Should I imagine those glowing areas, spinning while at the same time orbiting the core? Is that how spin, azimuthal quantum numbers and orbital angular momentum relate to each other?

It is tempting to say, "I am pretty intelligent yet I don't understand this stuff, so your explanation must be wrong" but I am willing to accept my share of dimness here if somone with better understanding can shed some light on this area.

I would much appreciate it!

Sign your comments, please. Too many questions to answer all at once. For atomic orbitals, you're looking at basically a 3-D graph of a math function, which outputs probability density of an electron being in a certain volume, and you're seeing this probability as brightness (color is for show). The math functions have been generated as solutions to the Schroedinger equation for hydrogen. Each function is something like a picture of where a pair of electrons is most likely to be in space, in an atom. Each of those areas (orbitals) is either one or two electrons, all smeared out. When electrons go from one to region another, they don't do so in an instant. They're moving at some good fraction of the speed of light which varies from something on the order of 1/130th to 2/3rds or so (the inner electron of a uranium atom is bound at 132 kev which is something like 30% of its rest mass, which works out to around .63 c). So that's the speed with which electrons "hop" from one of these regions to another. But once in a region, an electron is everywhere at once there, in that funny quantum way. No, these things don't spin as they orbit the core. The orbital spin is already taken care of, in their lobed shapes. Which turn into ring-like donuts at very, very high spin. For lower spin, you're just seeing some kind of odd wave-like hybrid of a donut and the fuzzy globular ball that means no spin. SBHarris 05:39, 8 November 2006 (UTC)

My understanding is that an electron 'in principle has a vanishingly small probability of being detected anywhere. It therefore "extends" through a large region of space. However, it does not do so evenly. The coloured regions are places where the sum (intergral) of the probabilioties is greater than some number - usually 90% or so. So the probability cloud extends out beyond the bubble, but 90% is inside it.

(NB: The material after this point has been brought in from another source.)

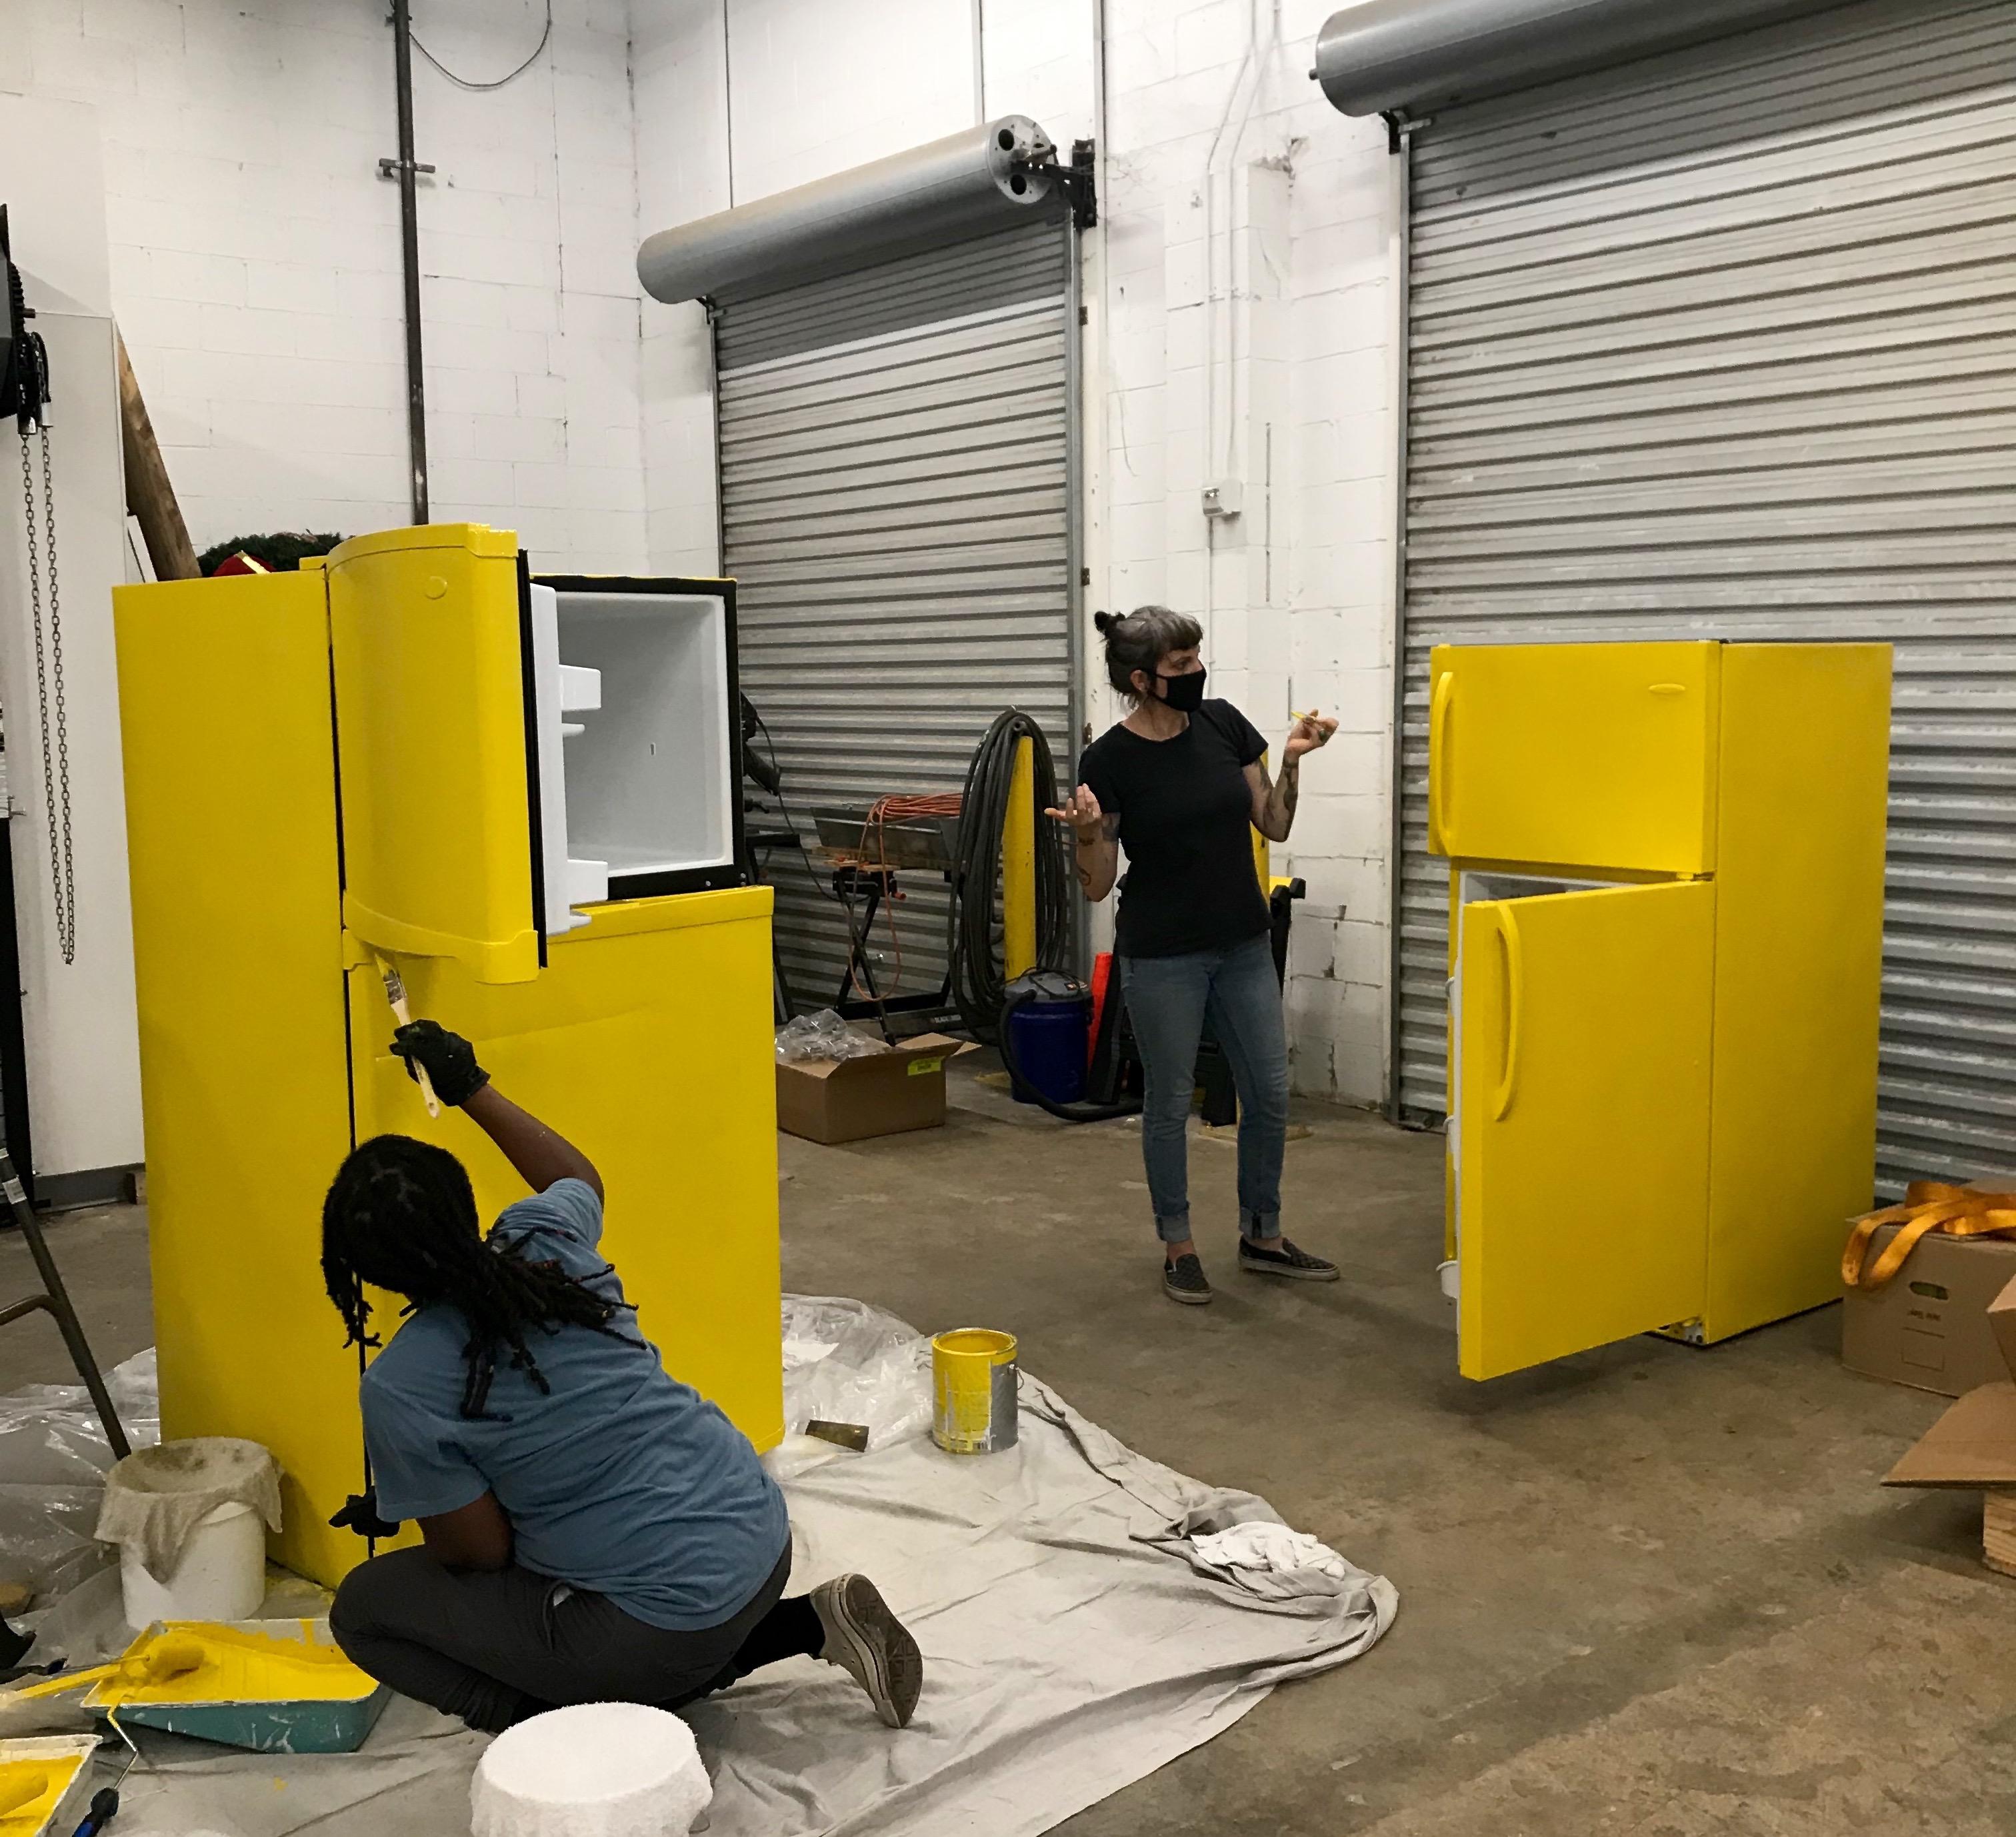 两名志愿者,一名非裔美国妇女跪在左边,一名白人妇女站在右边,两人都戴着面具,在一个白色的大车库中将捐赠的两个冰箱涂成黄色

And I suppose that answers the questiuon about the tiume it takes to "move" - it is not moving from place to place at all. —Preceding unsigned comment added by 164.97.245.84 (talk) 03:56, 21 January 2008 (UTC)

From Wiktionary:

• Etymology of tomography: Greek tomos (slice) + graphia (describing)
• Etymology of atom: From Old (and modern) French atome, from Latin atomus ‘smallest particle’, from Greek ἄτομος, noun use of an adjective ‘indivisible’, from α- ‘without’ + τέμνειν ‘to cut’.

From Encarta:

• [16th century. < Latin atomus < Greek atomos "unable to be cut" < temnein "to cut"]

I teach quantum mechanics, I have published numerous papers on its interpretation in peer-reviewed academic journals, and IMHO one of the most important implications of quantum mechanics is that dividing a material object is no longer the same as cutting it, which was taken for granted ever since people began thinking about the divisibility of matter. I don't quite understand why my edit of the first paragraph was undone. Since no reason was given, I restored it. How do others feel about it? If I am given a good reason for rejecting my edit, so be it.

Note: I have to do further work on the cookie cutter paradigm, to which article I have included a link here. Please check it out after a day or so. --Ujm 03:32, 17 October 2006 (UTC)

Robert Boyle mentioned in his writings entitled Origine of Forms and Qualities in 1666 he believed there was one kind of "Catholick or Universal Matter" than existed in the form of tiny corpuscles of different sizes, shapes and motions, and these corpuscles had different properties that caused different chemical substances to have different properties. He also extended the notion these corpuscles could bind together in small clusters. I suggest to consider revising the history of the atom to include this. 71.243.188.91 02:42, 13 April 2007 (UTC)Jeff Torgalski71.243.188.91 02:42, 13 April 2007 (UTC)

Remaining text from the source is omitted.